US Department of Defence relies on Blackberry devices for a revamped mobile working programme
The Pentagon has announced that it is bringing in 80,000 BlackBerry devices for its employees as part of a $16 million plan to transition to a more mobile working environment.
From 31 January, workers at the Pentagon will be implementing the next phase of the ‘DOD (Department of Defence) Mobility Implementation Plan’, as part of a move away from traditional workstation computers, allowing them to access data securely via mobile devices.
The bulk of the new mobile capability will be made up of old and new BlackBerry devices, 80,000 of which are being used in the process. It will also include 1,800 Android and iOS devices already owned by the Department, including iPads, iPhone 4S and 5, Samsung 10.1 tablets, and Motorola RAZR devices.
The programme currently supports 16 mobile applications, and is in the process of approving 90 more for use by employees. By the end of January, users will have access to the app store, support for encryption keys, and several other services, including Defense Connect Online, which allows secure access to work files. The Pentagon ultimately hopes to have as many as 300,000 workers using secure devices.

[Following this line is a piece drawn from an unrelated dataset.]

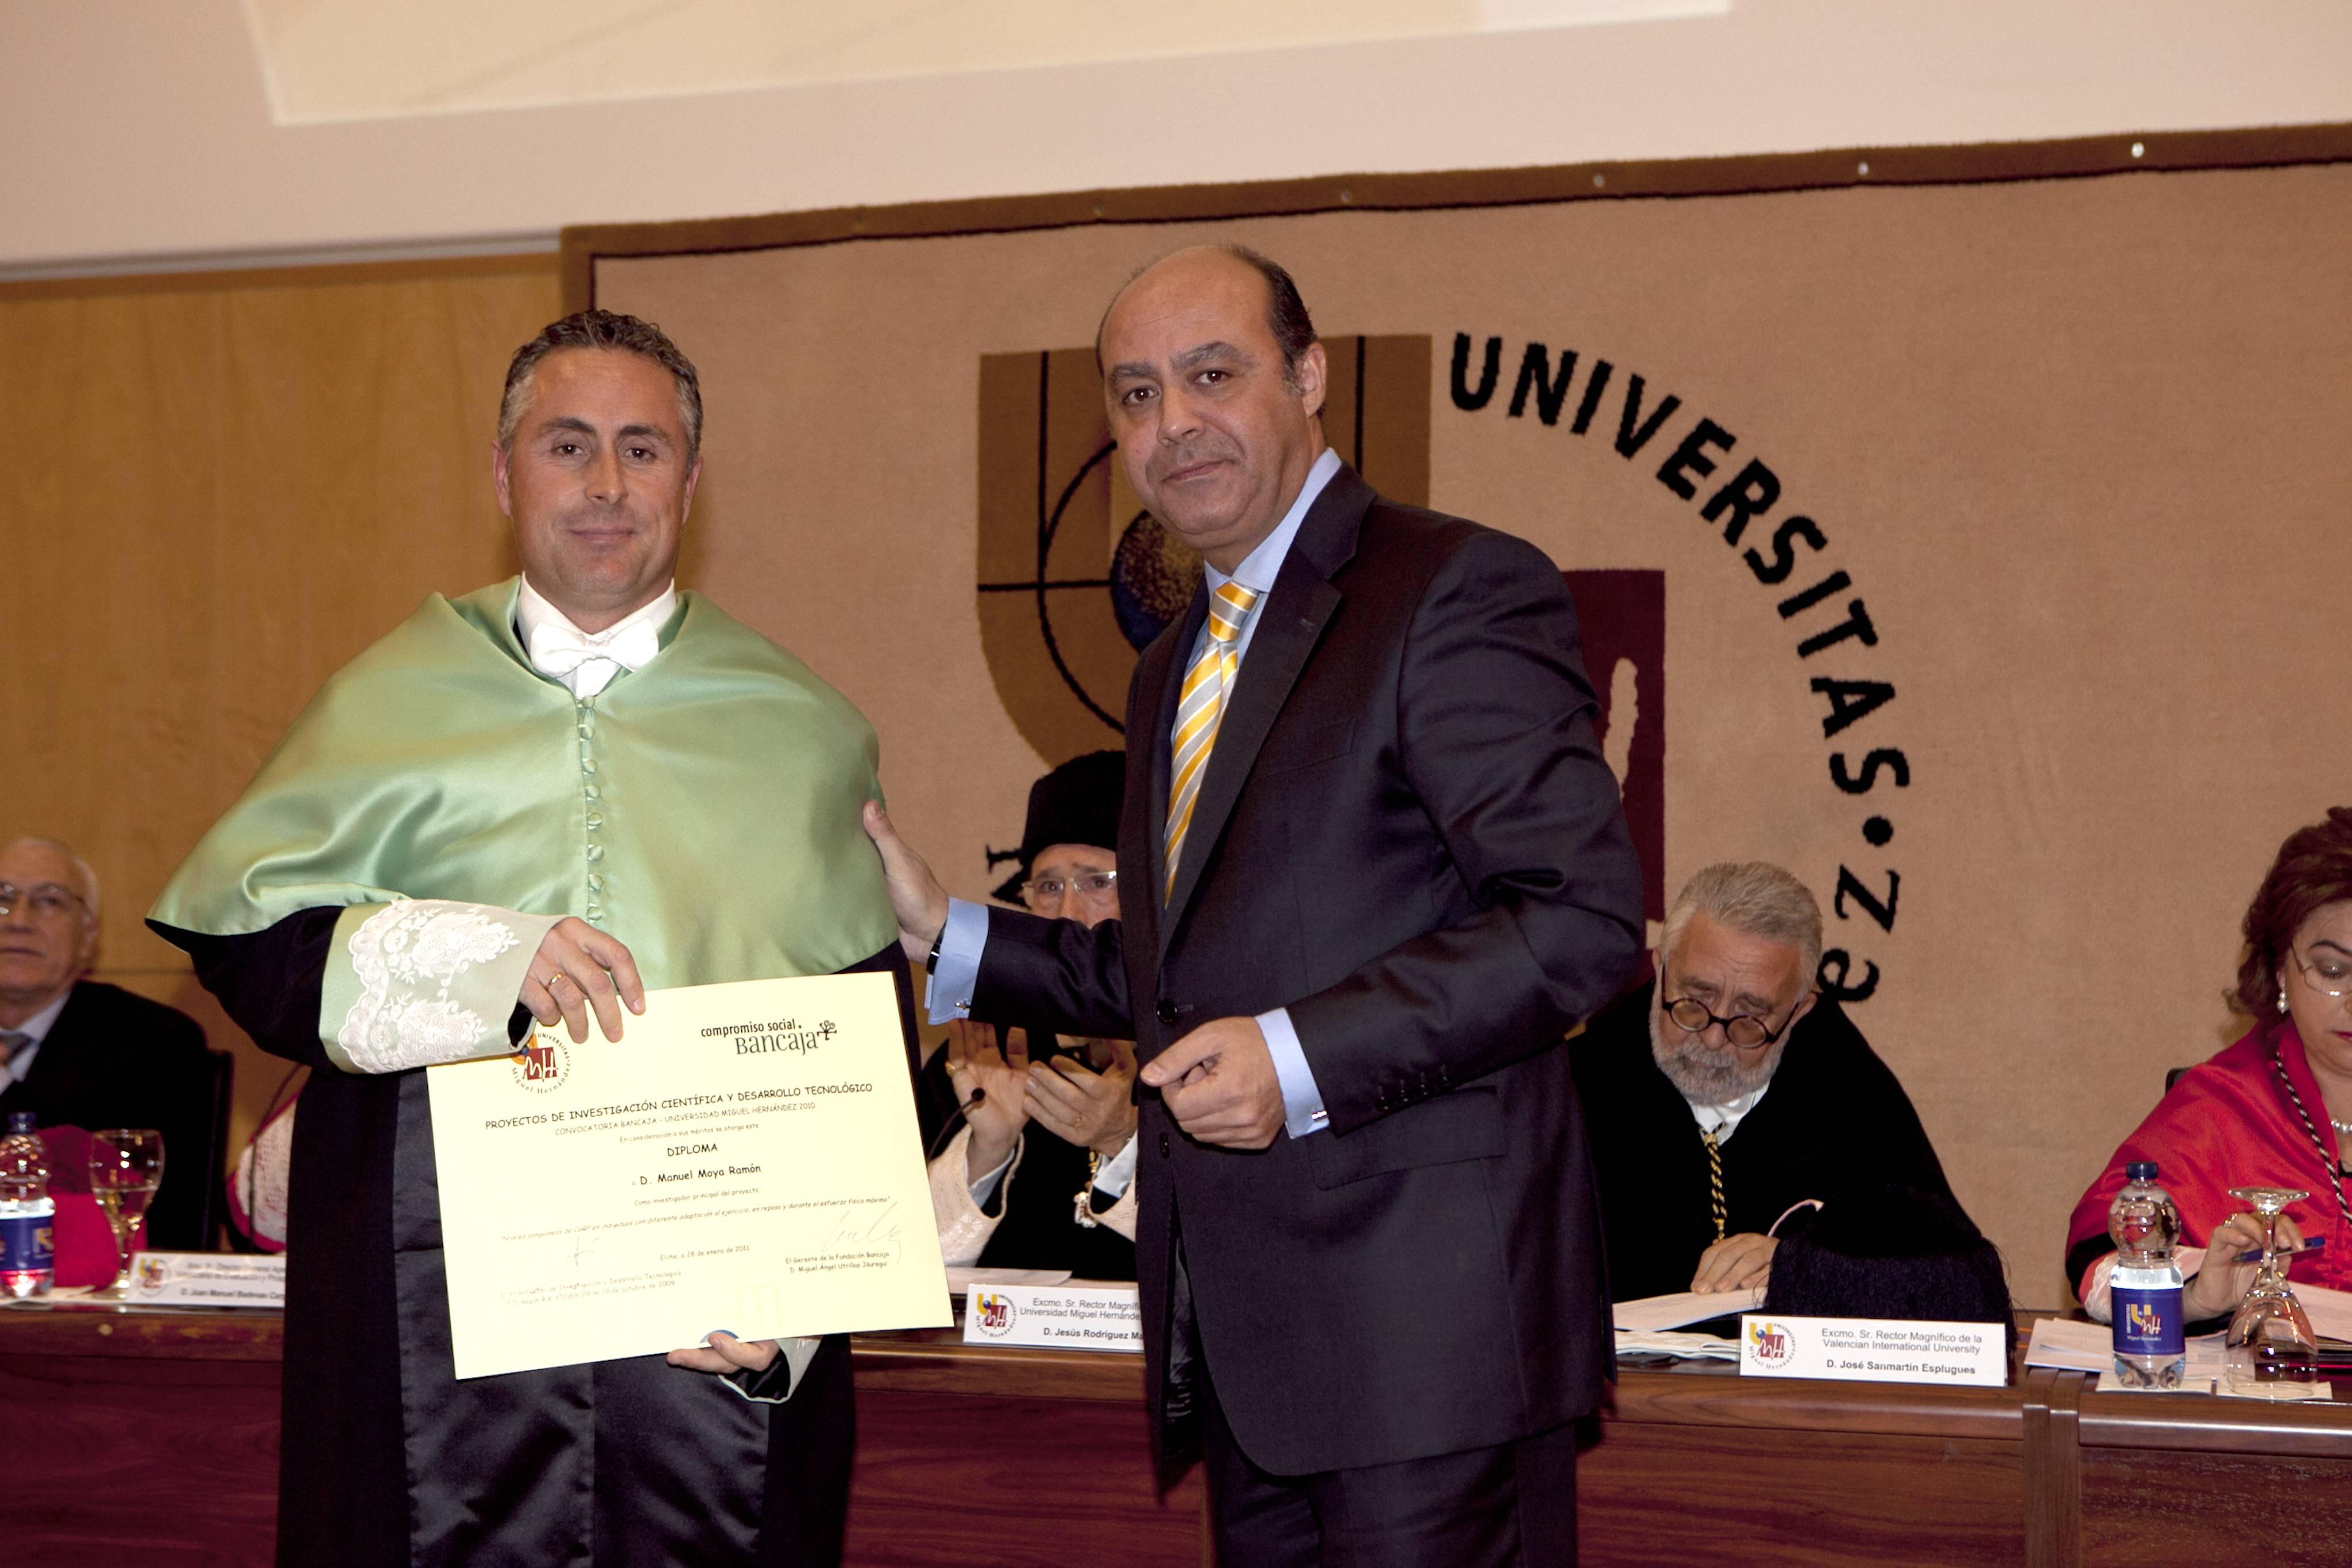 doctor-honoris-causa-luis-gamir_mg_1026.jpg

“The new year will bring new mobile capabilities to as many as 100,000 DoD users,” Pentagon officials said in a statement. “DoD will begin deploying version 1.0 of the unclassified mobility capability Jan. 31 and will build out capacity to support up to 100,000 users by the end of the fiscal year.”
The release on 31 January kicks off a 90-day spiral approach to deploying new capabilities, with the next major release coming in second quarter of FY14. This promises to add gateway support to devices on the unclassified side and also an office capability package to enable editing of Word documents and other Microsoft Office items.
Following a period of strife for the manufacturer, in which it has seen major executive overhaul, BlackBerry recently announced it would be looking to target the enterprise market rather than consumers. The company cancelled its ‘Live’ annual conference, due to be held early this year, as part of a refocusing strategy which came after it announced losses of $4.4 billion (£2.7bn) during the third quarter of its fiscal 2014.